Remediation: replace PurePosixPath with os.path.normpath (lexical .. collapse) plus an explicit double-slash strip, then compare via pathlib.PurePosixPath parents rather than string prefix. Add RED tests for .. traversal, //-prefix, NUL injection, and symlink-style siblings of /evidence.
- Severity: High
- Affected:
verdict/ledger/hmac_key.py:134(_TPMHMACProvider.signand the symmetricverify) - Discovered: 2026-05-02 (internal security review of
feat/W2.C.4-compose-executor-work) - Status: Open — fix tracked under W2.C.3.b (TPM HMAC sequencing)

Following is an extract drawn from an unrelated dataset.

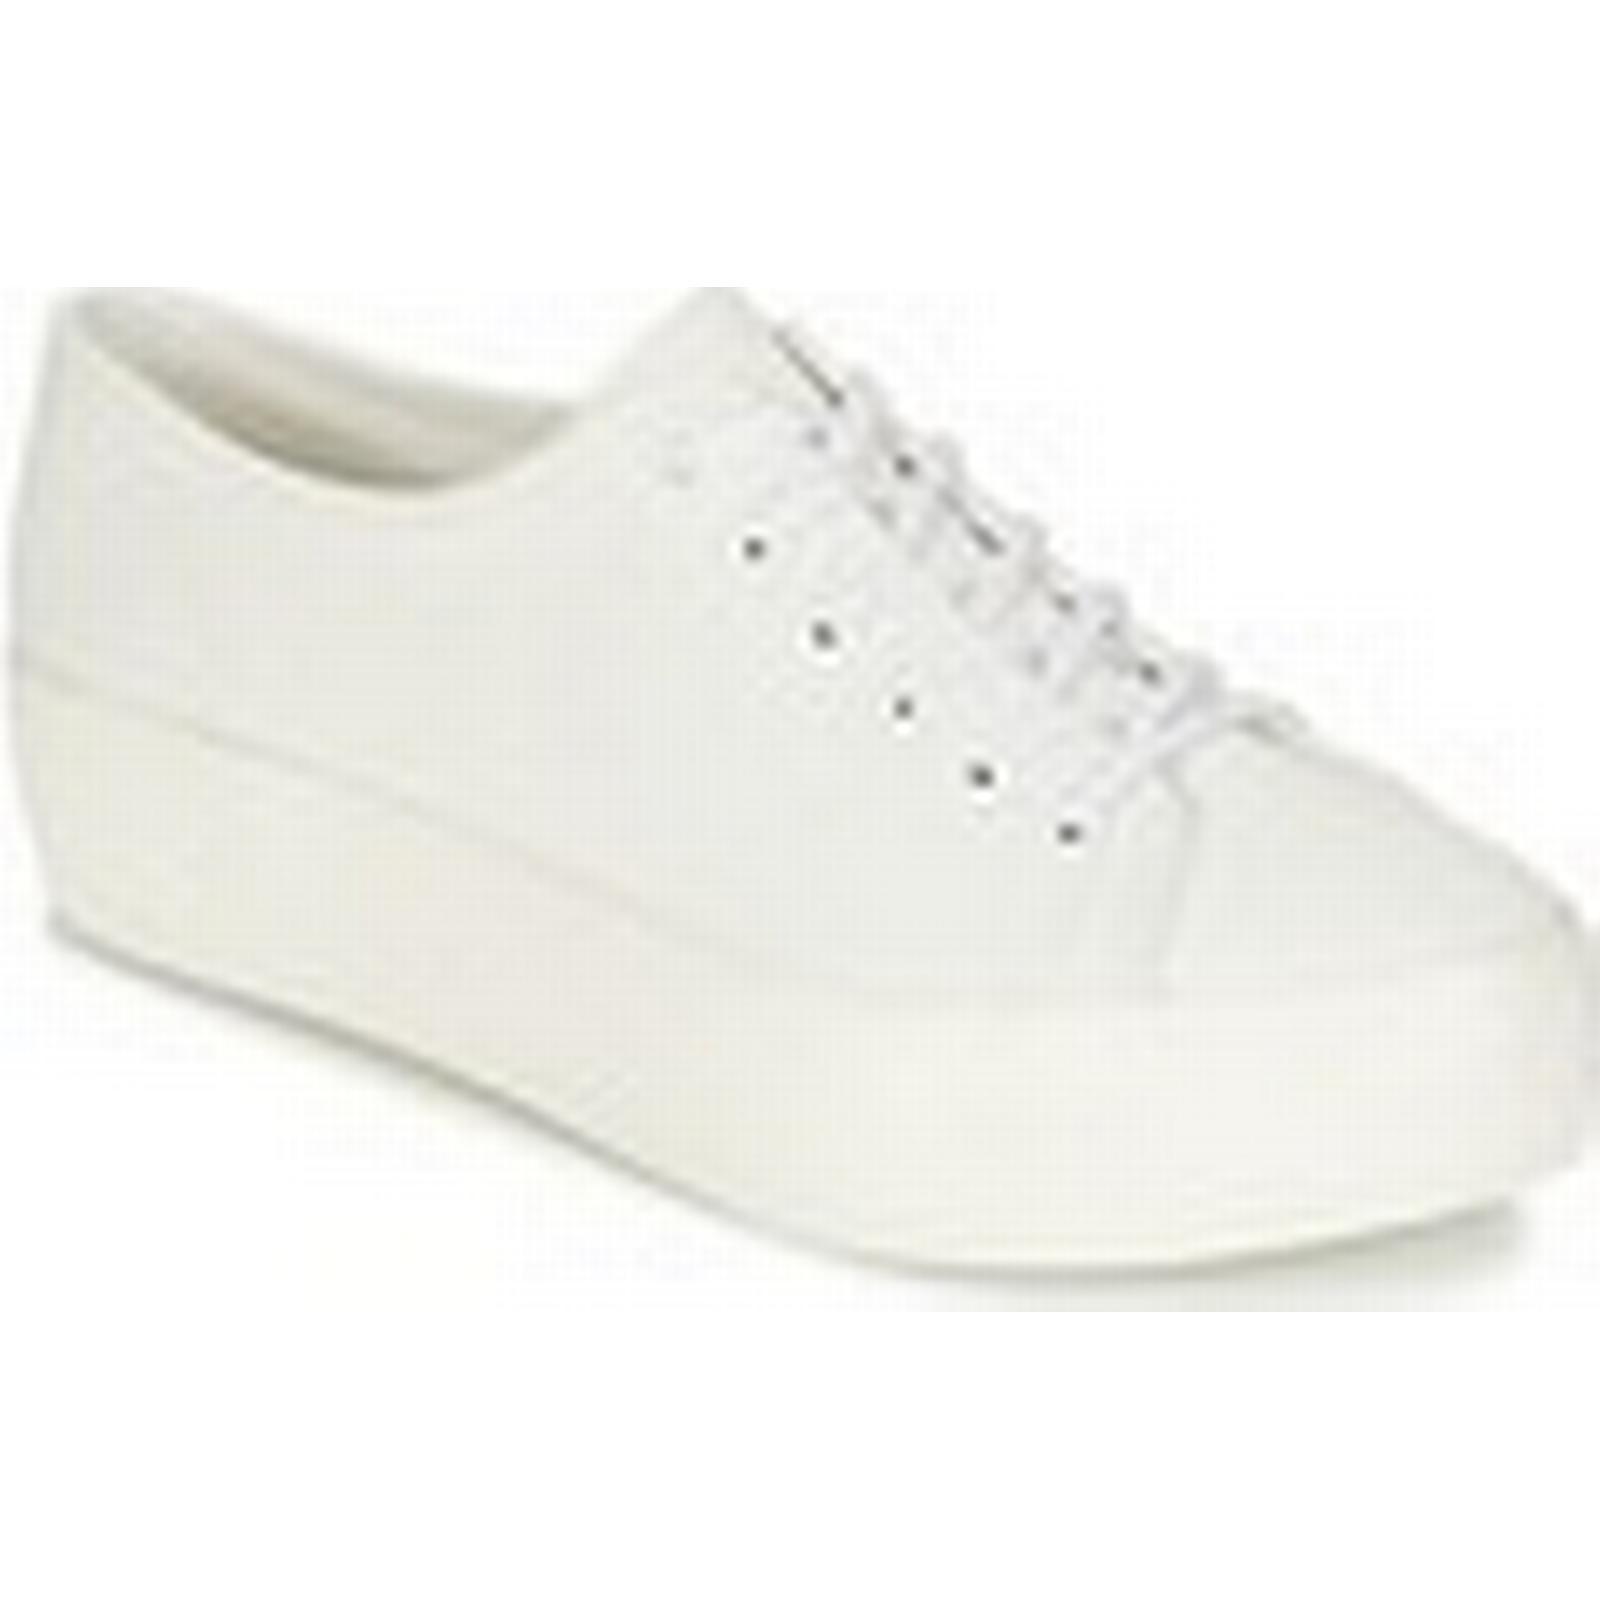 vagabond keira femmes & #  27; s Chaussure Chaussure Chaussure s (formateurs) en blanc fb7bf6

- Scope mapping: "HMAC ledger forgery / chain-of-custody breakage" (in-scope §)
_TPMHMACProvider.sign() truncates its message argument with TPM2B_MAX_BUFFER(message[:1024]) and returns the digest as if it covered the full input. There is no length guard, no error on overflow, no chunked path via TPM2_HMAC_Start / TPM2_SequenceUpdate / TPM2_SequenceComplete. LedgerWriter._compute_payload_hash (writer.py:73-81) appends prev_entry_hash and entry_id after the JSON payload — for any tool-call entry whose serialized payload exceeds ~960 bytes (the steady state once langfuse_trace_id, output_files_sha256, parse_warnings, and the NIST SP 800-86 metadata are populated), the chain-linkage bytes fall past the truncation window and are not authenticated at all. An attacker with write access to cases/<id>/ledger.jsonl can rewrite prev_entry_hash / entry_id (or splice forged entries) while verdict validate still reports the chain as intact in the TPM configuration. Software (hmac.HMAC) and gpg-derived paths are unaffected.

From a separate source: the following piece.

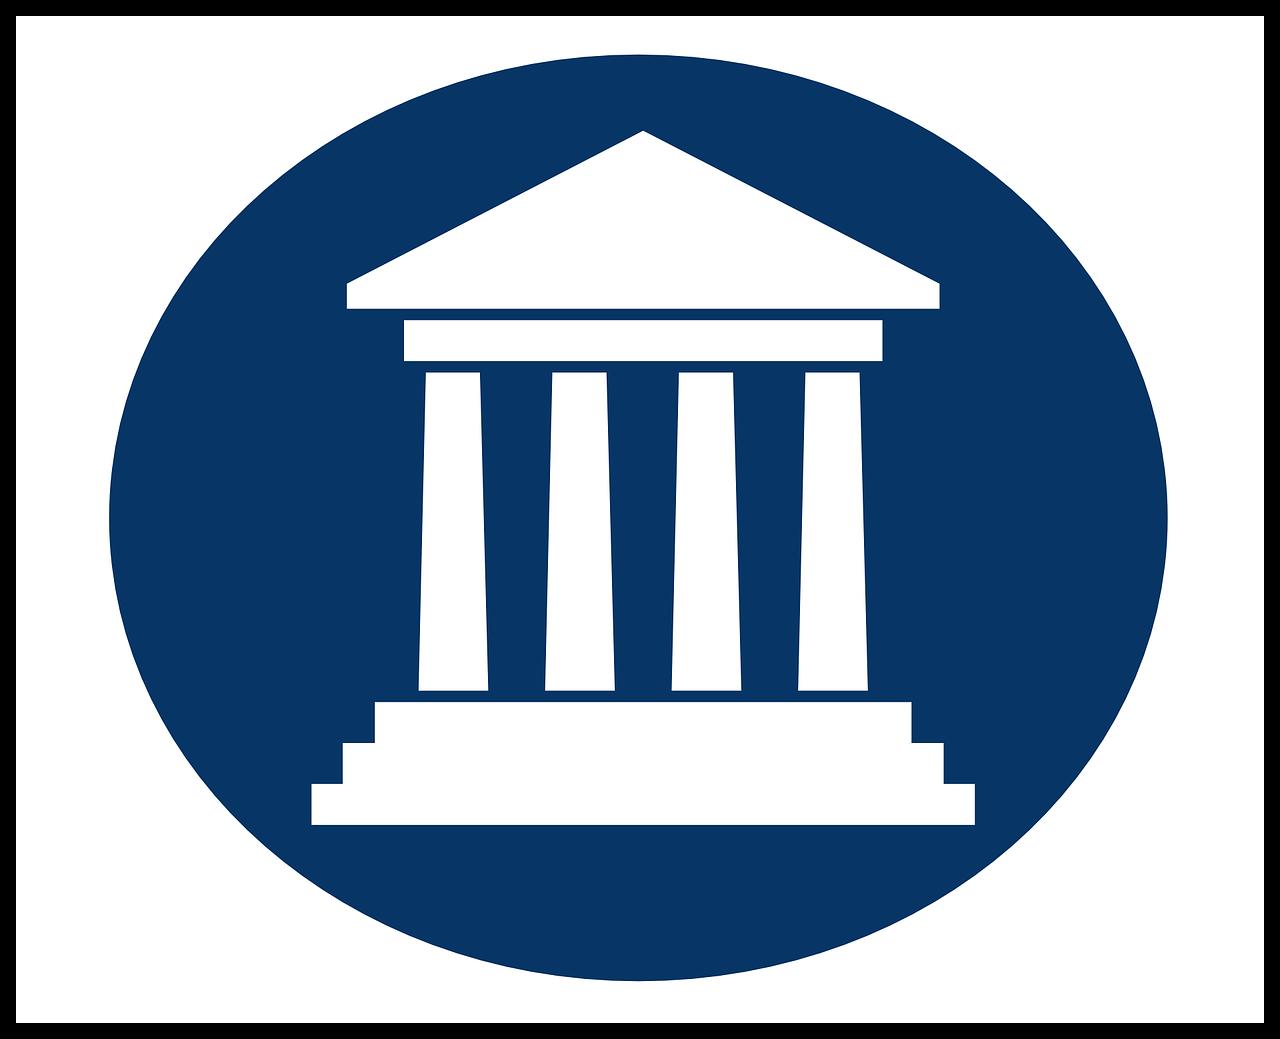 Pillars,roman,greek,historic,icon - free image from needpix.com

Remediation: raise an explicit HMACMessageTooLargeError for inputs > TPM2B_MAX_BUFFER until sequenced-HMAC is implemented; then implement TPM2_HMAC_Start / SequenceUpdate / SequenceComplete chunking. Mirror the change in verify. Add a unit test (the §3.10 single-system-boundary mock exception applies at the tpm2_pytss boundary) that signs a ≥ 4 KB message and asserts that two messages differing only in bytes after position 1024 produce different signatures.